Effects of Xrn2 depletion on HCV protein and RNA abundances
To determine whether Xrn2 plays a role in the HCV life cycle, Xrn2 was depleted by siRNA-mediated gene knockdown. Depletion of Xrn2 increased HCV RNA, and HCV NS5A and core protein abundances (Figures 1A,B). Similar effects on viral RNA and protein abundances were also observed in HCV genotype 1b (5B) replicon cells when Xrn2 was depleted (Figures S1C and D). These findings suggest that enhancement of HCV RNA and protein abundances during Xrn2 depletion is not confined to the HCV genotype 2. To exclude off -target effects of the Xrn2 siRNA, additional siRNAs that target different regions of the Xrn2 ORF were tested. These siRNAs also enhanced the abundance of HCV RNA and proteins (Figures S1E and F). In contrast, overexpression of flagged Xrn2 resulted in a 40% decrease in HCV RNA abundance (Figure 1C), arguing that Xrn2 is antiviral.

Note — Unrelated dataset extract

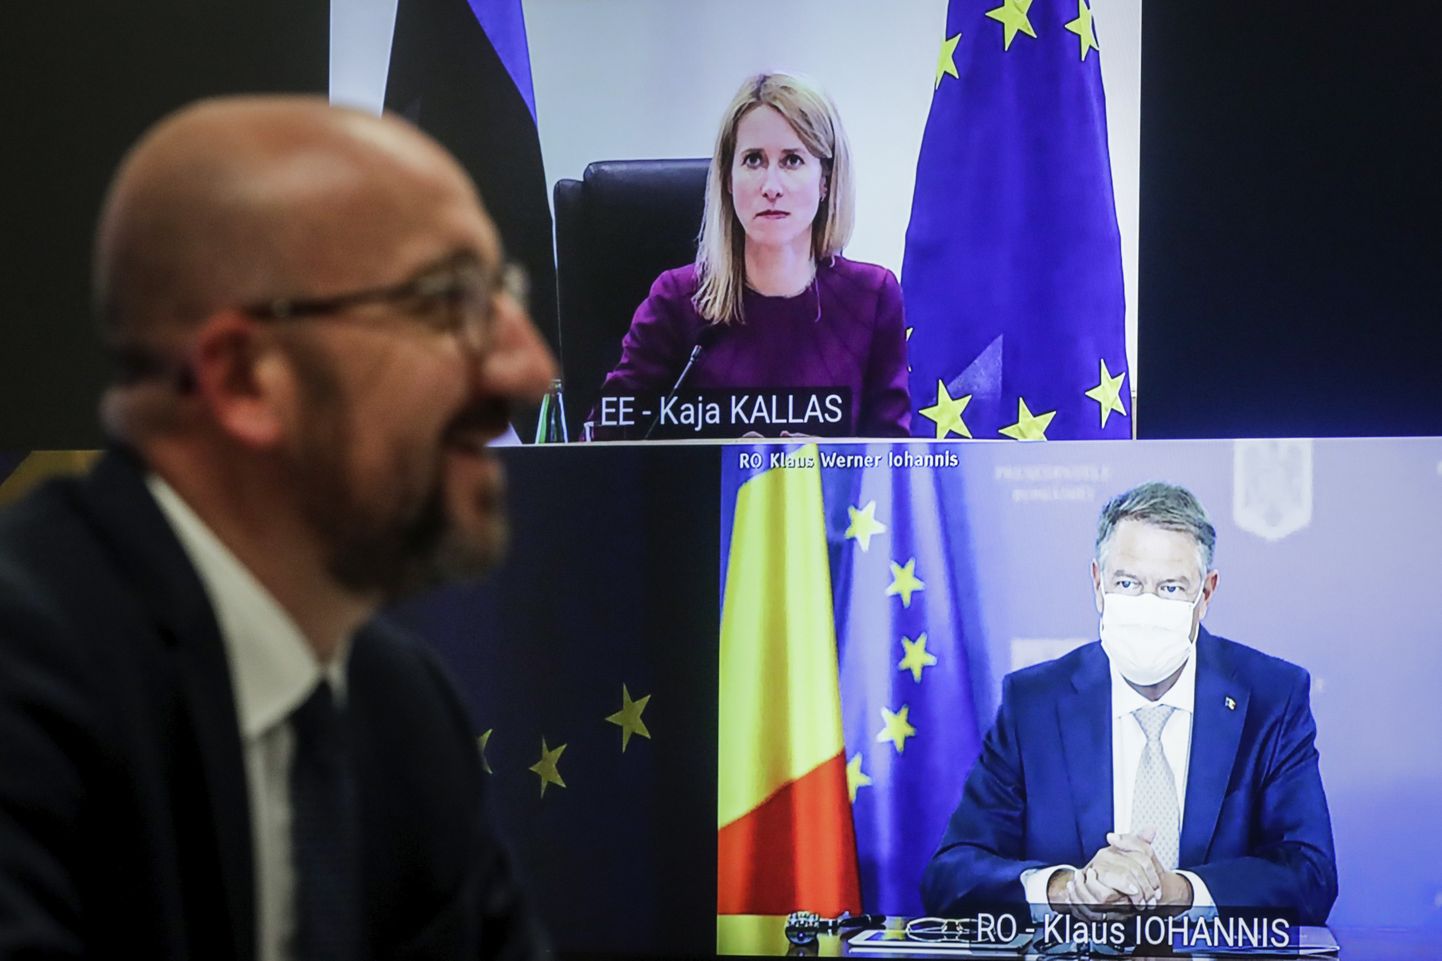 European Council President Charles Michel, left, speaks Estonia's Prime Minister Kaja Kallas and Romania's President Klaus Werner Ioannis during a meeting via video link at the European Council building in Brussels, Wednesday, May 19, 2021. European Council President Charles Michel is meeting with EU leaders via video link to prepare for an upcoming EU summit which begins on Monday. (Stephanie Lecocq, Pool via AP)

We next assessed whether Xrn2 depletion affected the expression of Xrn1, the other member of the 5’-3’ exoribonuclease family. Western blot analysis of Xrn1 abundance showed that Xrn2 depletion had no effect on Xrn1 protein abundance (Fig. S1G). Importantly, Figures S1H and I show that depletion and overexpression of Xrn2 have no effect on cell viability or apoptosis. These results identify a role for cytoplasmic Xrn2 in the regulation of HCV RNA and protein abundances.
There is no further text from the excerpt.